Introduction to the DSP Subsystem in the IWR16xx
Copyright © 2017, Texas Instruments Incorporated
SWRA564 – May 2017
Submit Documentation Feedback
Algorithm Chain and Benchmarks
Figure 5. FMCW Frame Structure
Figure 6 shows a representative signal-processing chain for the FMCW radar. The processing is
performed on each frame of received data. The ADC samples corresponding to each chirp (across the
four RX antennas) are received in the ADC buffer. The DSP performs an FFT (one for each RX antenna),
which is then placed in L3 memory. The data in L3 memory is best visualized as a 3-dimensional matrix
indexed along range, chirps, and antennas (often called a radar-cube).
When all the range-FFTs have been computed for all the chirps in a frame, Doppler-FFTs are performed.
For each range-bin (and for each antenna) a Doppler-FFT is performed across the Nchirp chirps.
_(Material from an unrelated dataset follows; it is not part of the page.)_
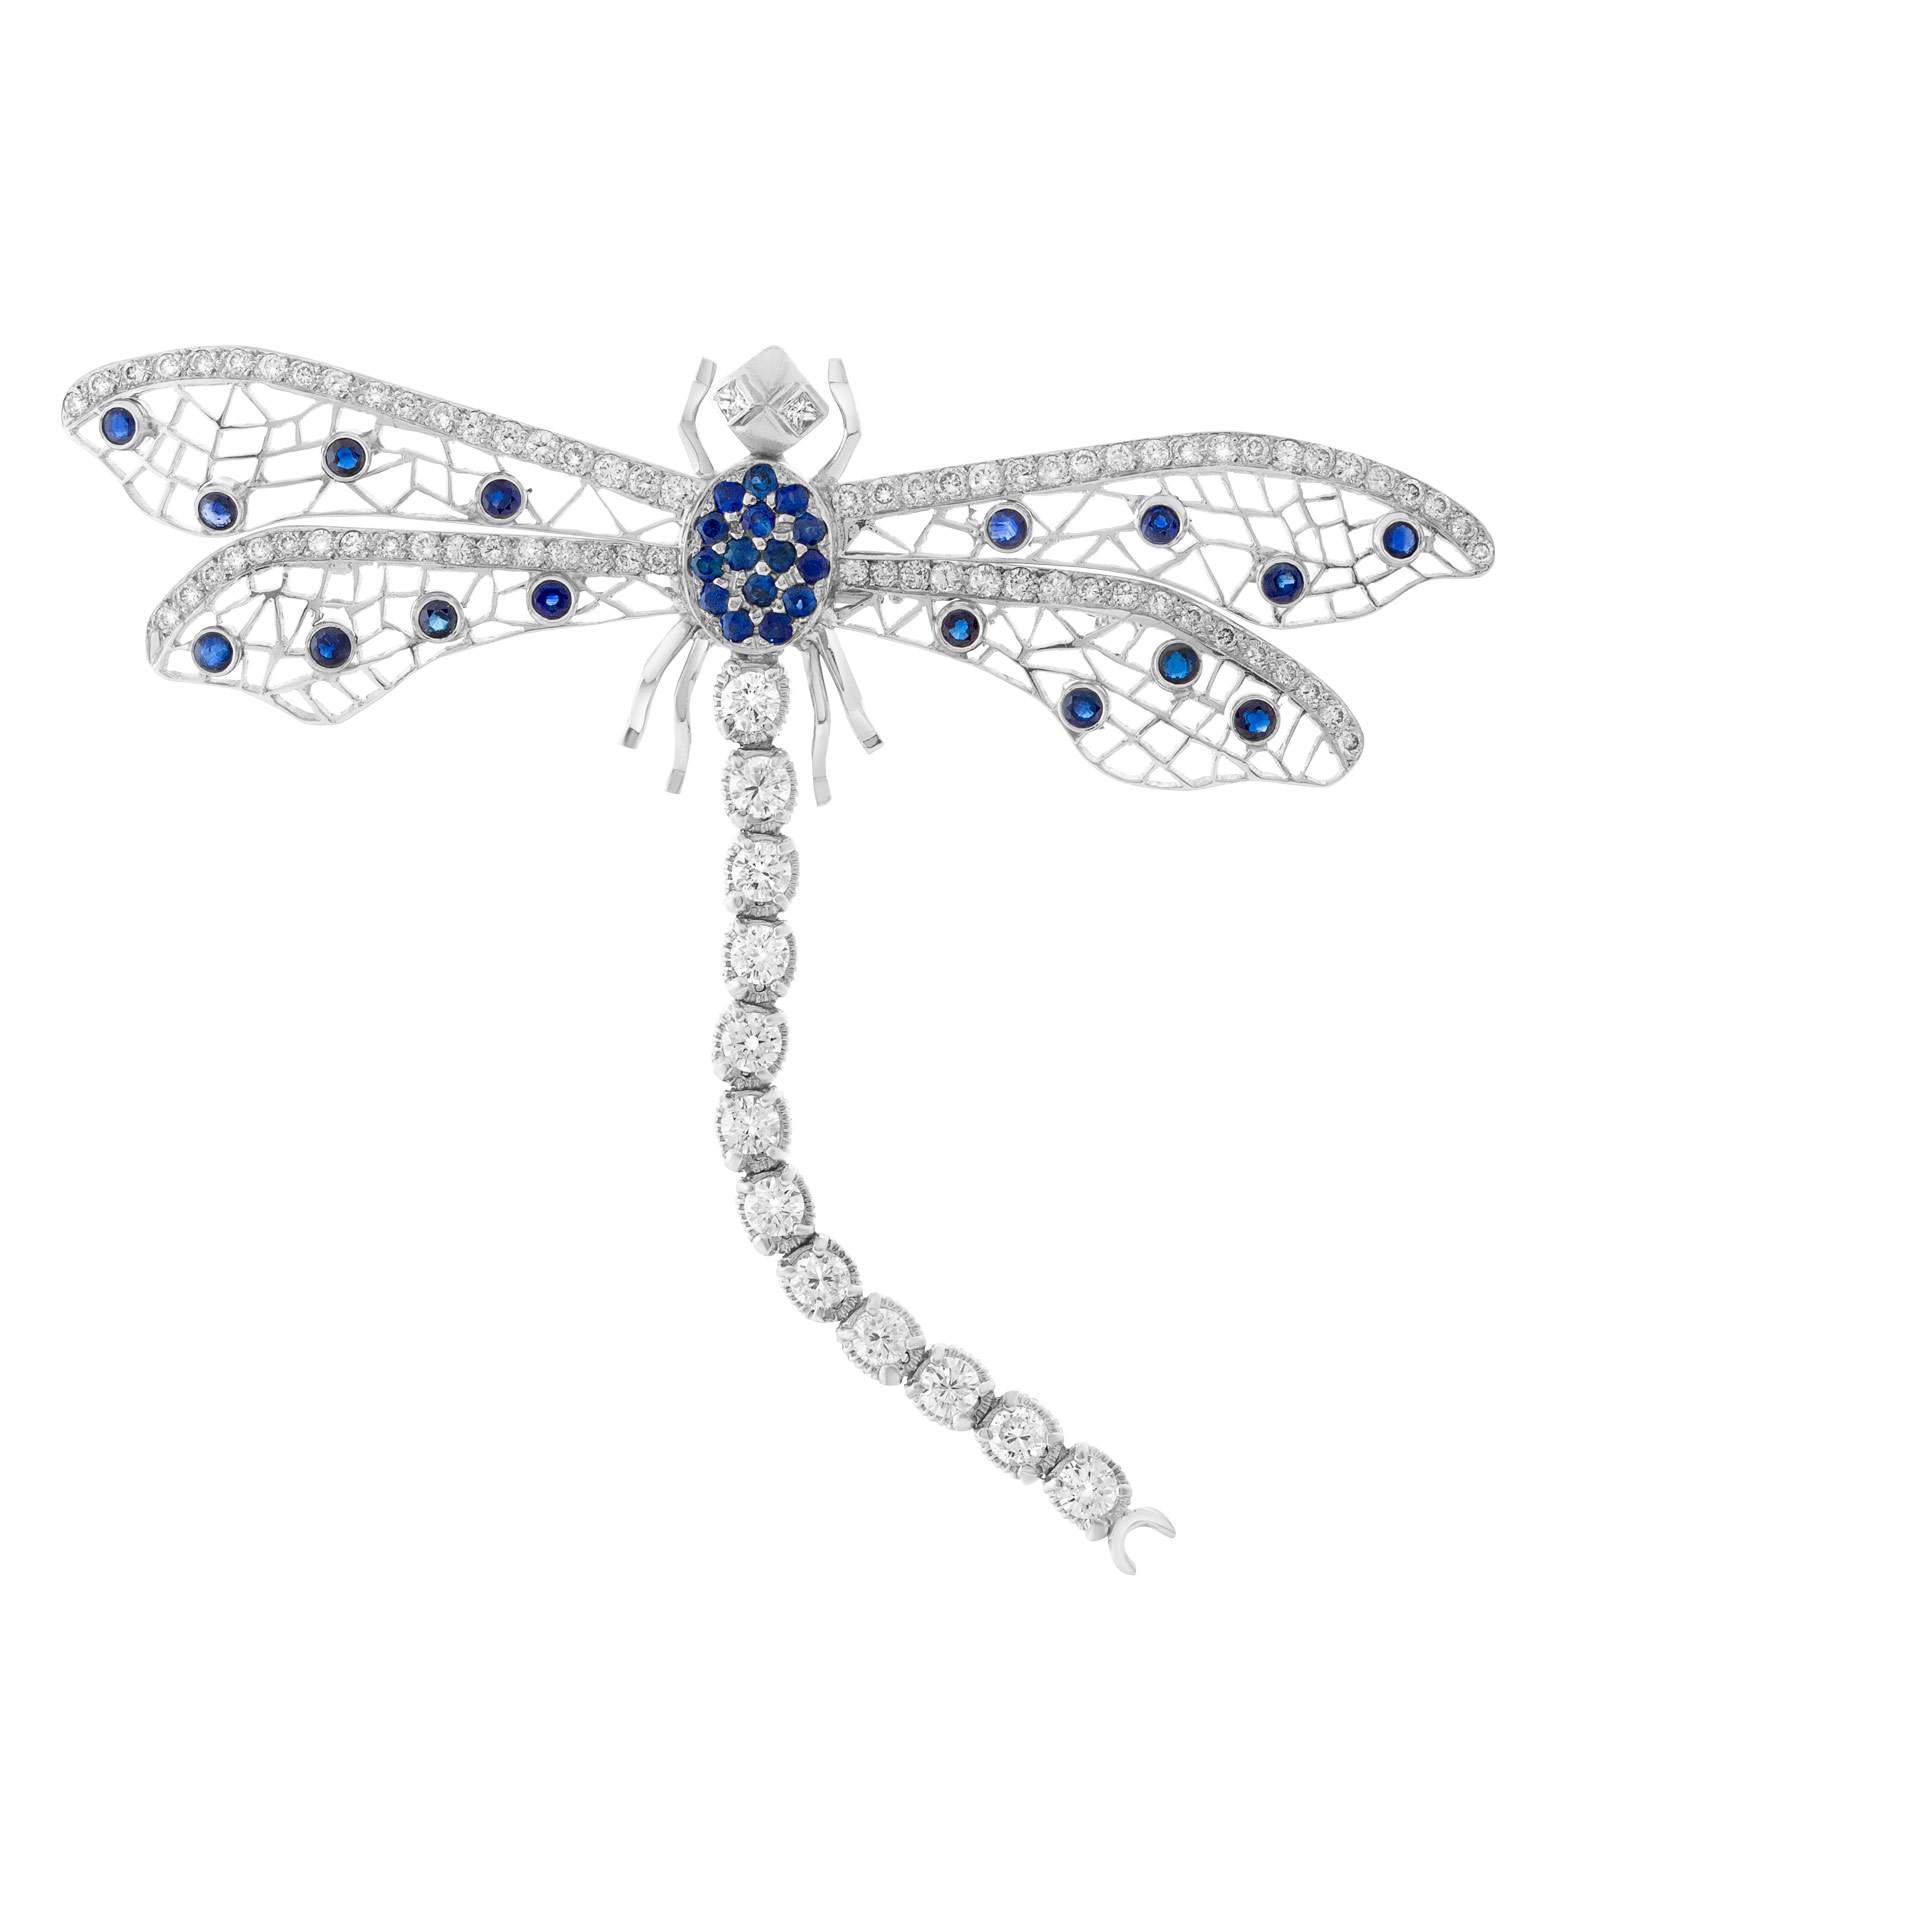 Beautiful dragonfly brooch with 3 carats diamonds ( (G-H color, VS clarity) and 1.5 carat blue sapphires

In the
example of Figure 6, both the range-FFT and Doppler-FFT are 16-bit FFTs. Therefore, the results of the
Doppler-FFT can be stored in-place (overwriting the corresponding range-FFT samples) in the radar-cube
in L3 memory. At the end of the Doppler-FFT processing, the radar-cube is now indexed along range,
Doppler, and antennas.
Next the radar-cube is noncoherently summed along the antenna dimension to create a predetection
matrix that is indexed along range and Doppler. This predetection matrix is much smaller than the radarcube. In the previous example, the predetection matrix would be 1/8 the size of the radar-cube. The
reduction is due to collapsing along the antenna dimension contributing a factor of ¼, and the fact that the
predetection matrix is real, while the radar-cube is complex contributing a factor of 1/2. Consequently, the
predetection matrix can be stored in either L3 or L2. A detection algorithm then identifies peaks in this
predetection matrix that correspond to valid objects. For each valid object, an angle-FFT is then performed
on the corresponding range-Doppler bins in the radar-cube to identify the angle of arrival of that object.
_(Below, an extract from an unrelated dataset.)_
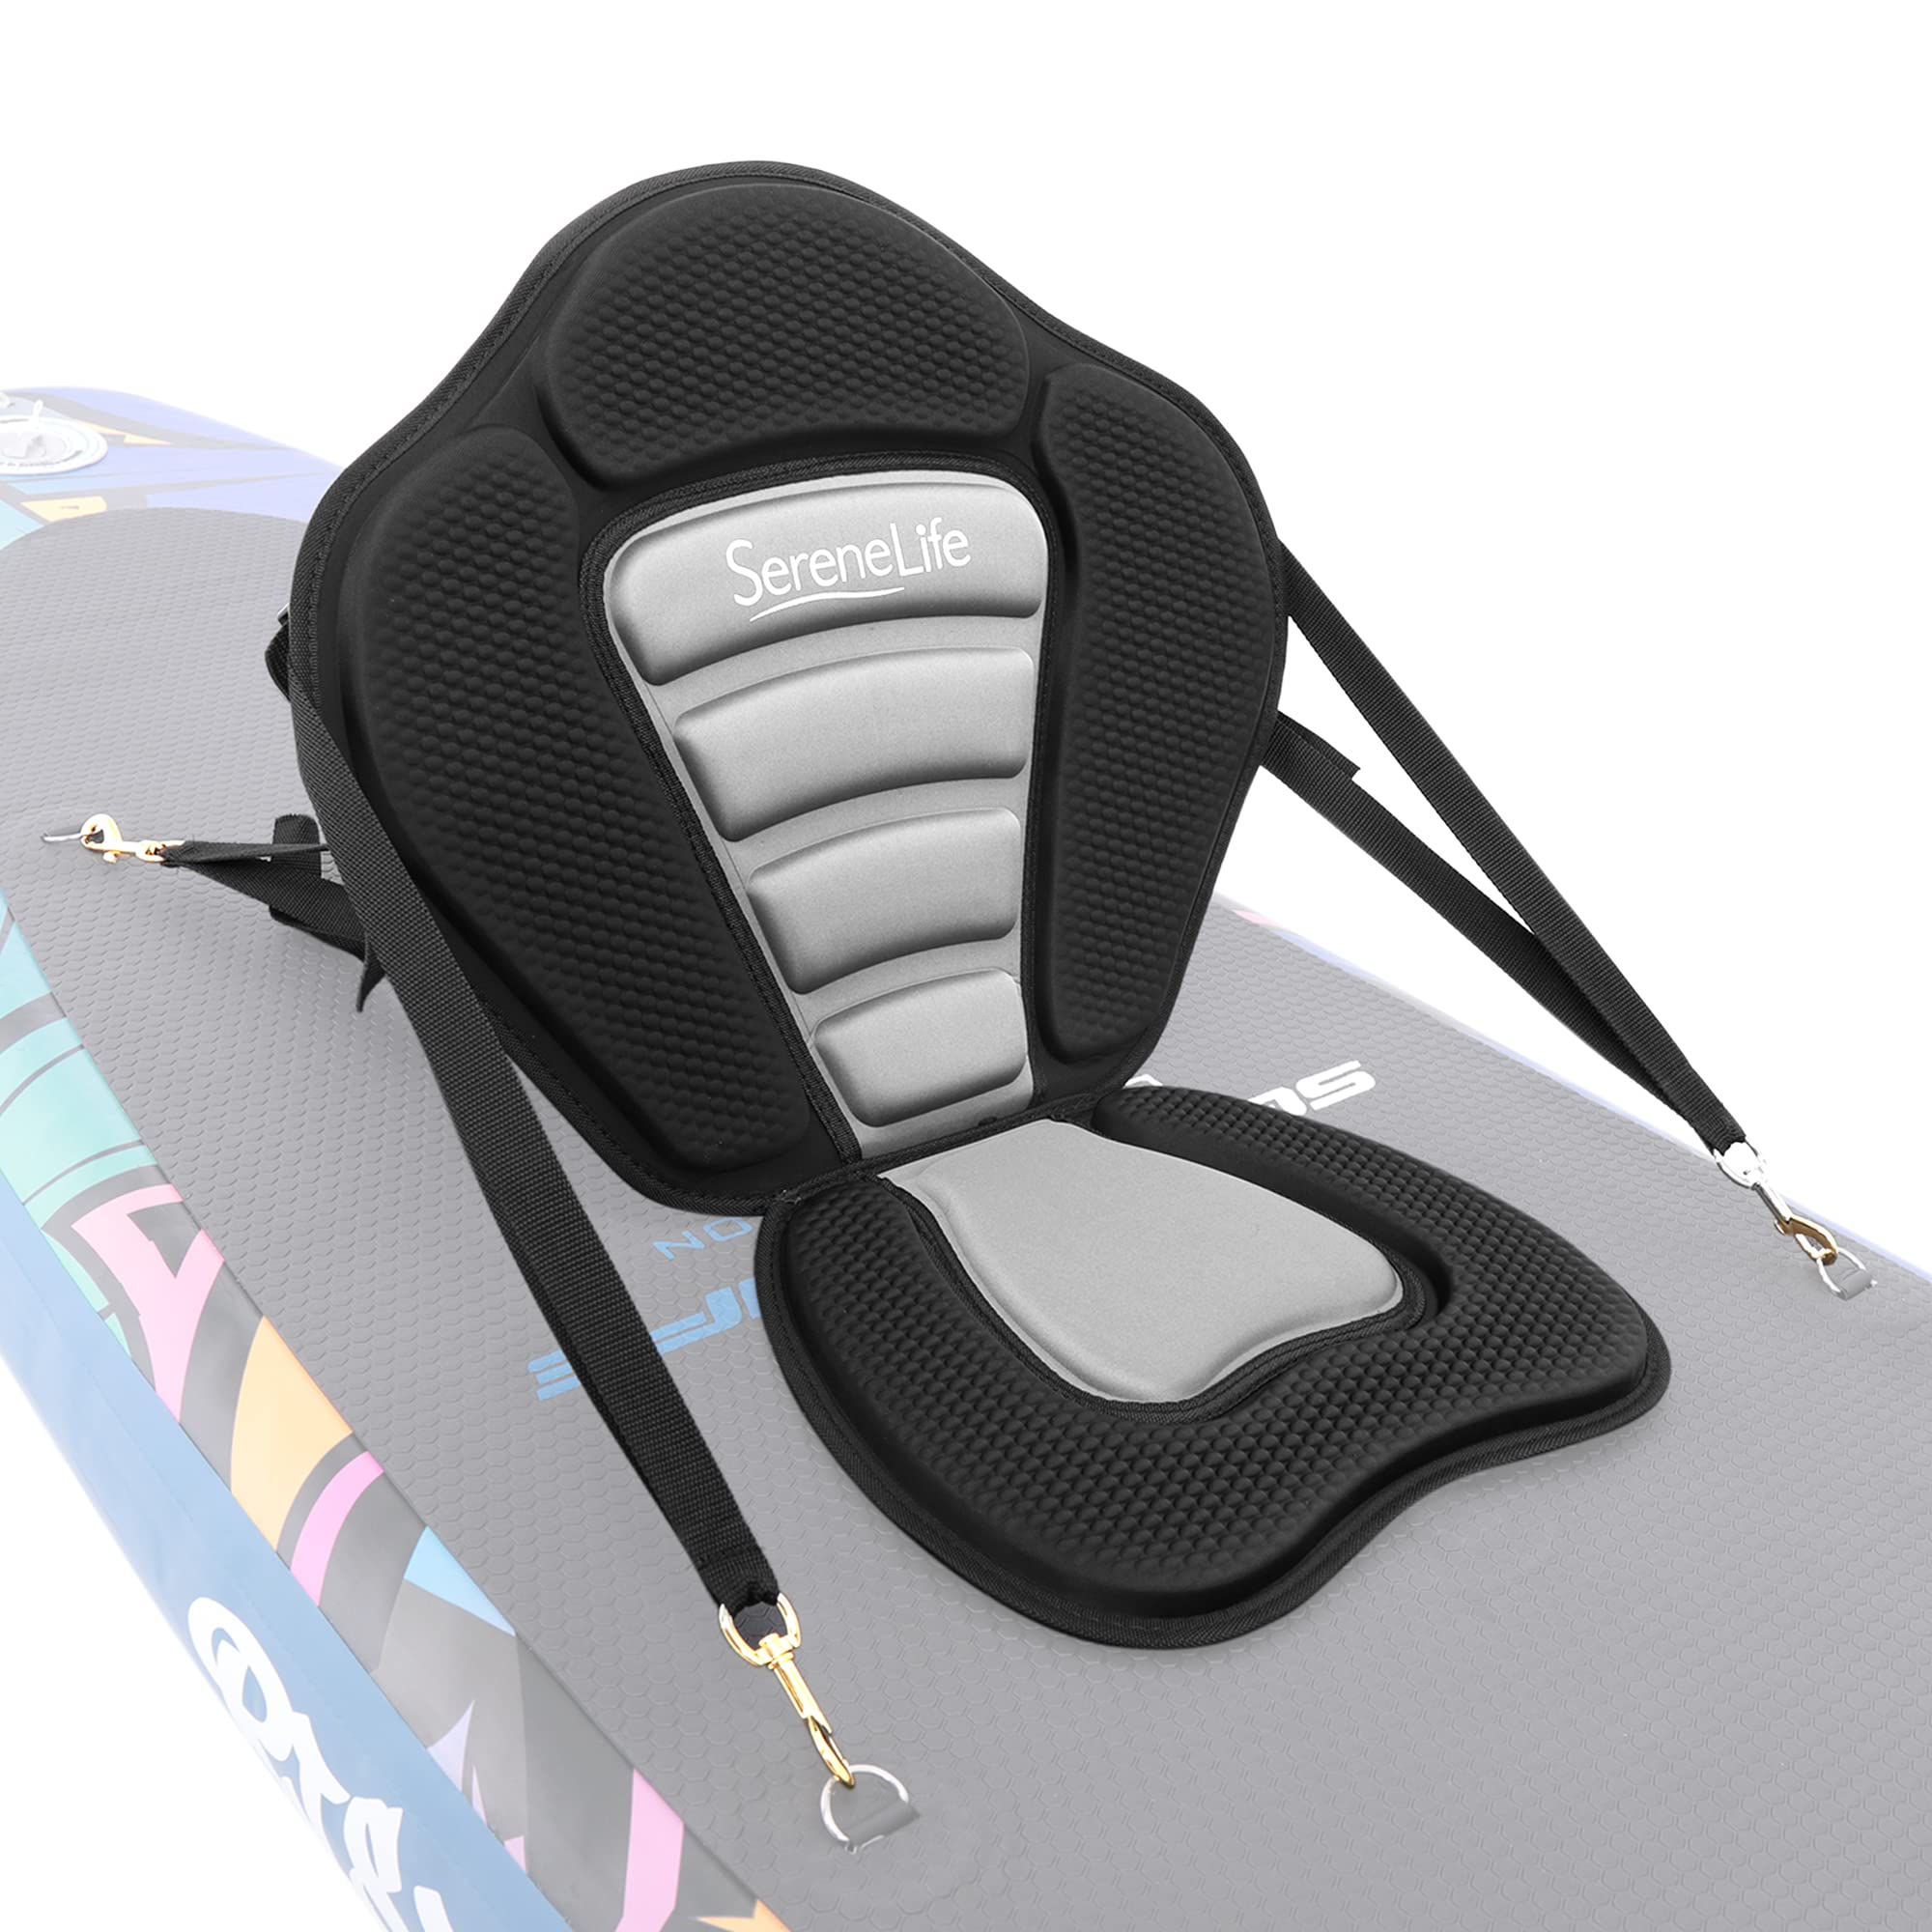 Detachable Universal Paddle-Board Seat - Adjustable Paddle Board Seat, Form-Fitting Design for All Body Sizes, Large & Small, Compatible for Kayaks, Rowboats, Fishing Boats - SereneLife SLSUPST15

Lastly, the estimated parameters for the detected objects such as range, Doppler, and angle of arrival can
be shared with the MSS using the handshake memory. There is also an option to perform further
processing such as clustering and tracking in the DSP. Alternatively, these higher-layer algorithms can be
performed in the MSS (R4F MCU).
Figure 6. Typical Radar Signal Processing Chain
SWRA564 – May 2017
Submit Documentation Feedback
Introduction to the DSP Subsystem in the IWR16xx
Copyright © 2017, Texas Instruments Incorporated
Algorithm Chain and Benchmarks
In the chain described in Figure 6, the Doppler-FFT processing did not increase the size of the radar-cube
(because the Doppler-FFT output was written over the range-FFT). There can be cases where
performance requirements might dictate a higher dynamic range at the output of the Doppler-FFT (for
example, see the discussion in Section 3.3). Figure 7 depicts a possible processing chain in such a
scenario. While the range-FFT is still 16-bit, the Doppler FFT has an increased dynamic range and
outputs 32-bit complex samples. While these samples can be stored back in the radar-cube, that would
mean doubling the radar-cube size in L3. Therefore, the chain in Figure 7 follows a different approach.
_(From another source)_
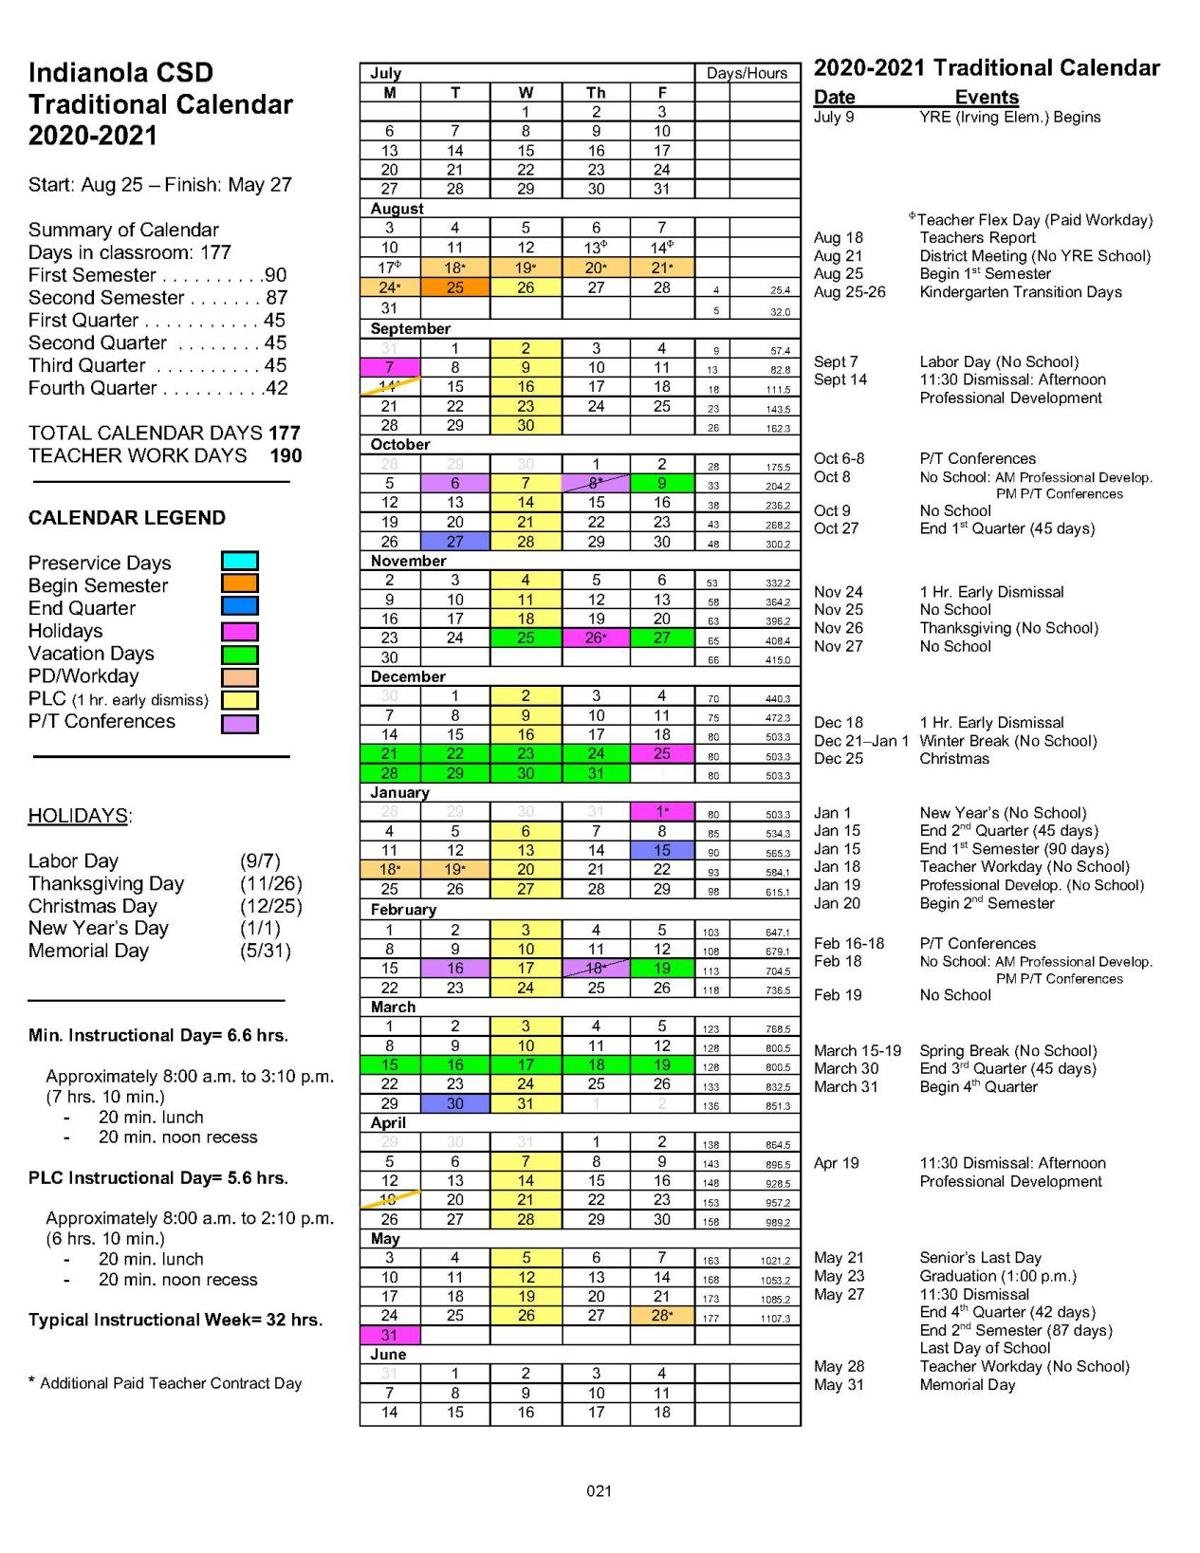 Indianola CSD revamps traditional calendar for 202021 school year

When the Doppler-FFT is computed, it is noncoherently summed across antennas to create a predetection
matrix. This result is not stored back in L3. When the detection algorithm is run and objects are identified,
the Doppler-FFT (followed by the angle-FFT) is selectively recomputed only for the detected objects.
Figure 7. Variant of a Radar Signal Processing Chain
Compute the bulk of the memory and computational requirements for a representative FMCW frame
structure using the processing flow indicated in Figure 7. A frame with 128 chirps (Nchirp = 128), with each
chirp having 256 samples (Nadc = 256) is considered. With four RX antennas, the radar-cube memory
requirement is 256 samples × 128 chirps × 4 antennas × 4 bytes / sample = 512KB. The processing
requirements are looked at during two distinct phases: intraframe processing and interframe processing.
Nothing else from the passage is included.